Different Struggles, feel the same By: Lori Loesch
I am a writer. I will write my thoughts on paper. This does not mean that I feel what I have written, everyday. I have great days, good, bad, the worst, days.
I love to write and I feel like I could do cartwheels, ok, maybe just fairy leaps across the meadow, for this God given gift. I blog for Motherhoodlaterthansooner.com, and for that, I am over joyed. More fairy leaps! Looking at the other woman that blog for MLTS, their accomplishments are such, that I feel as though I have arrived. To be blogging next to these intelligent, woman is, for me, almost unbelievable. How did I get here? The only answer I have is, by the grace of God. It’s not me. God leads me where I go, and it has taken years to get to this point. Wait on the Lord, comes to mind. I do have this fear that someone may say, “Hey, you don’t belong here!” And they will take this away from me. Fear; Is a lier.
I remember what a friend had written in my Senior Year Book, “Maybe someday we’ll write a novel together.” Ah ha! I have always wanted to be a writer. That was my choice. Not the other things that I flailed at.
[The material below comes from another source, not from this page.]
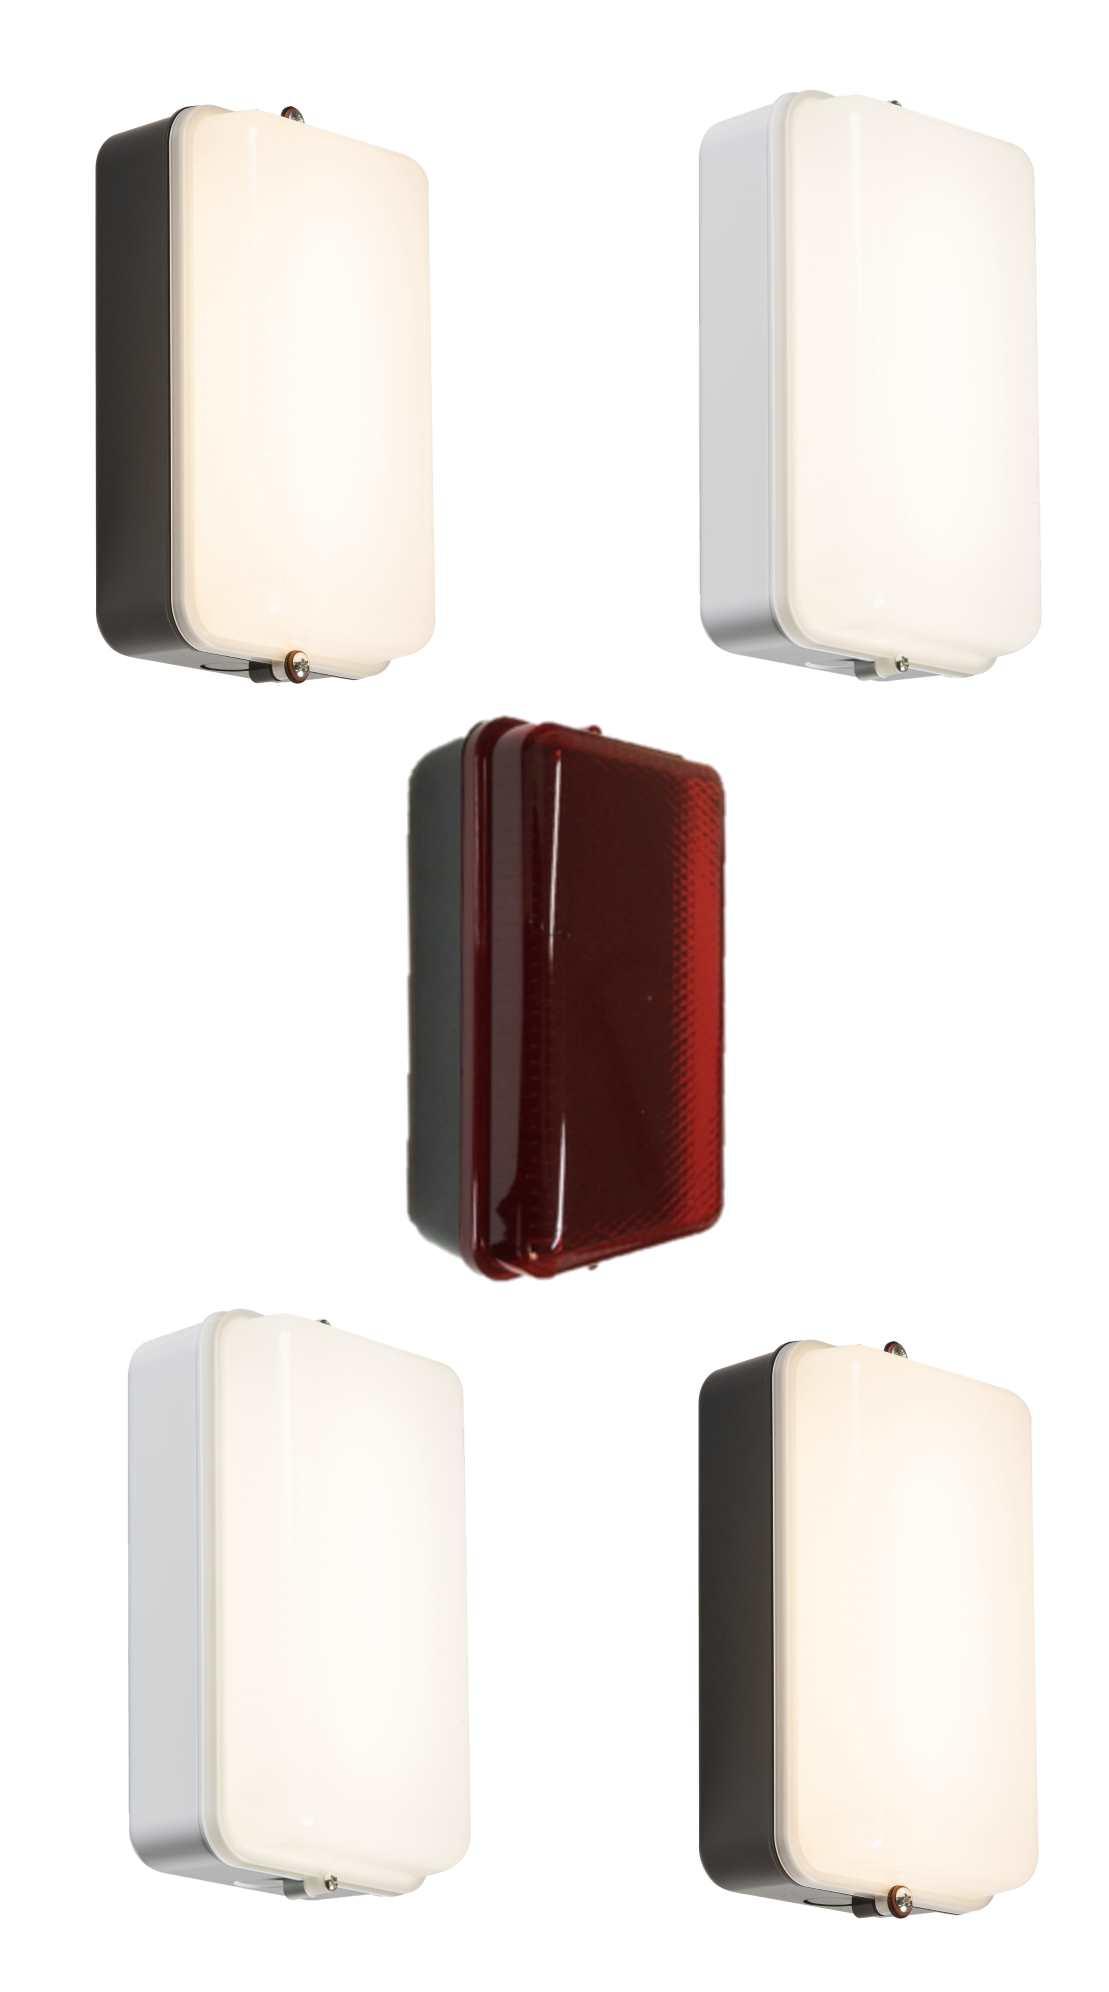 Knightsbridge Led Amenity Lighting Bulkheads Ip54 Standard And With Sensor

I am a huge Maya Angelou fan. From the Editors of ESSENCE, magazine, I read her words: “Not everything you write is going to be a masterpiece. Not everything you cook is great, not everything you paint-but you’re trying for it. From the moment you put the pen to paper or sit down at the piano, you’re trying for it.” I like to keep this in the back of my mind. There are blogs that I write, when I feel as though I was passionate about it, and I took my time to do a good job. Then for the next blog, I have nothing, or nothing as epic as I felt my latest blog was.
Today, I’d like to touch on, how we as women are very much alike. Our struggles that we are facing in life are not the same, but every struggle is just that, a struggle. Each one is huge for each of us. What I’m saying is that sometimes people say that their problems are worse than mine. That if they were in my shoes… I’m here to say that there are no struggles more worthy of struggling, than the other. If it touches your life, it is huge, no matter what others’ may think.
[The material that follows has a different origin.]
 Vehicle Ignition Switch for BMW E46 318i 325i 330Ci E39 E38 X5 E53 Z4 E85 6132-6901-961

There’s a song by the Eagles that says, “Every fortress has its price” How true. Rather you live in a big house or live in a trailer, our struggles are real. They are all worthy. We need to work through what life throws at us, and in the best possible way. I look at people like the Kardashians’ and think that, “they have problems, but at least they go to exotic places…” Stop that! Their problems follow them to gorgeous places. I may not struggle to pay the mortgage, but I struggle. Everyday I do what I must to keep my chin up, to feel that good spirit, everyday.
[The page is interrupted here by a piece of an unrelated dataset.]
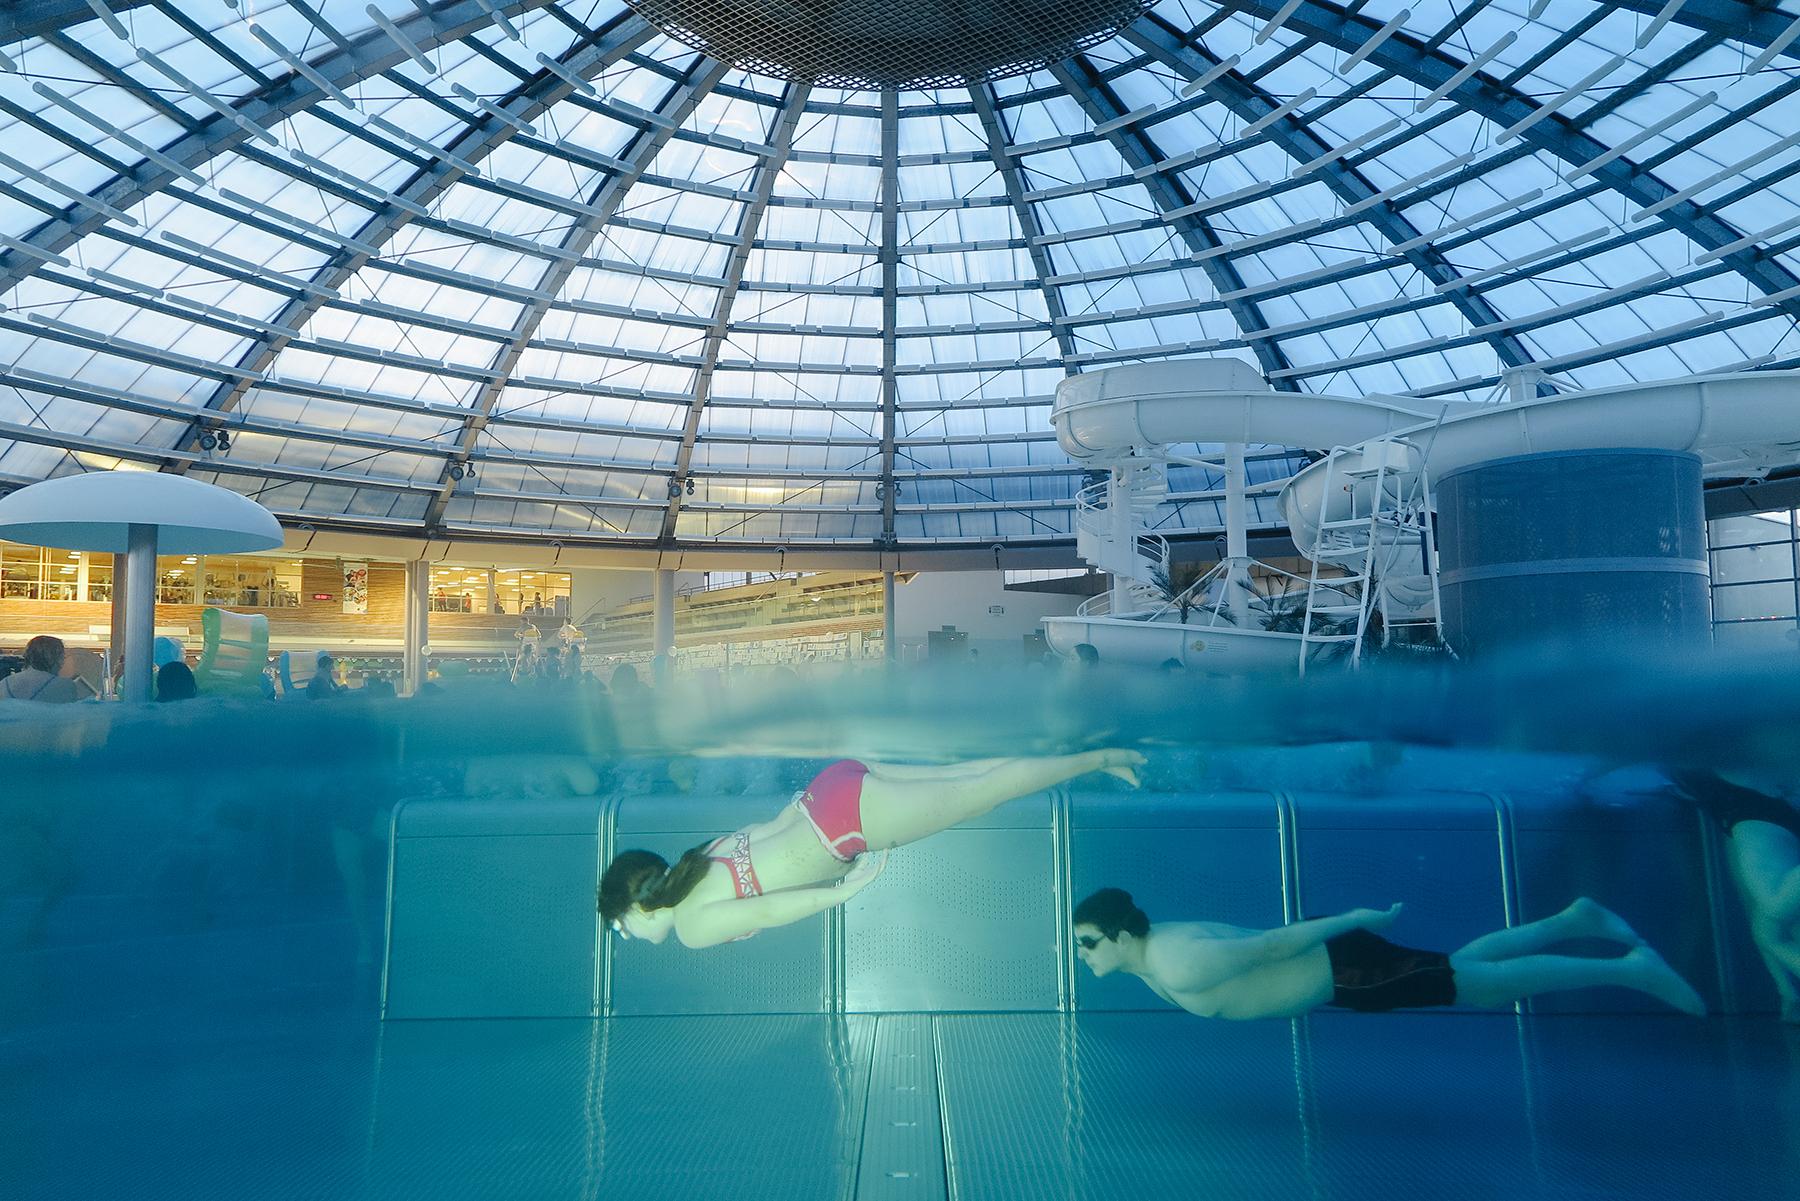 Stade Aquatique De Vichy Communauté avec Piscine Bellerive Horaire

Every good thing in our lives has come through struggling. Nothing good comes easy. I want to live and let others’ live. I’ll try to walk in their shoes, and I hope they will continue to realize that not all is good in my life. And that I’m allowed to feel worthy of my struggles. I don’t want to hear, “I wish I had your problems.” or “you don’t have problems, Lori, you have hang-ups.” If only they knew. It’s ironic, really, that in my lifetime I have heard these comments, knowing what I have lived through. Unless I tell, no one will know. And when I tell, there is hell to pay, from those that manipulated me to silence.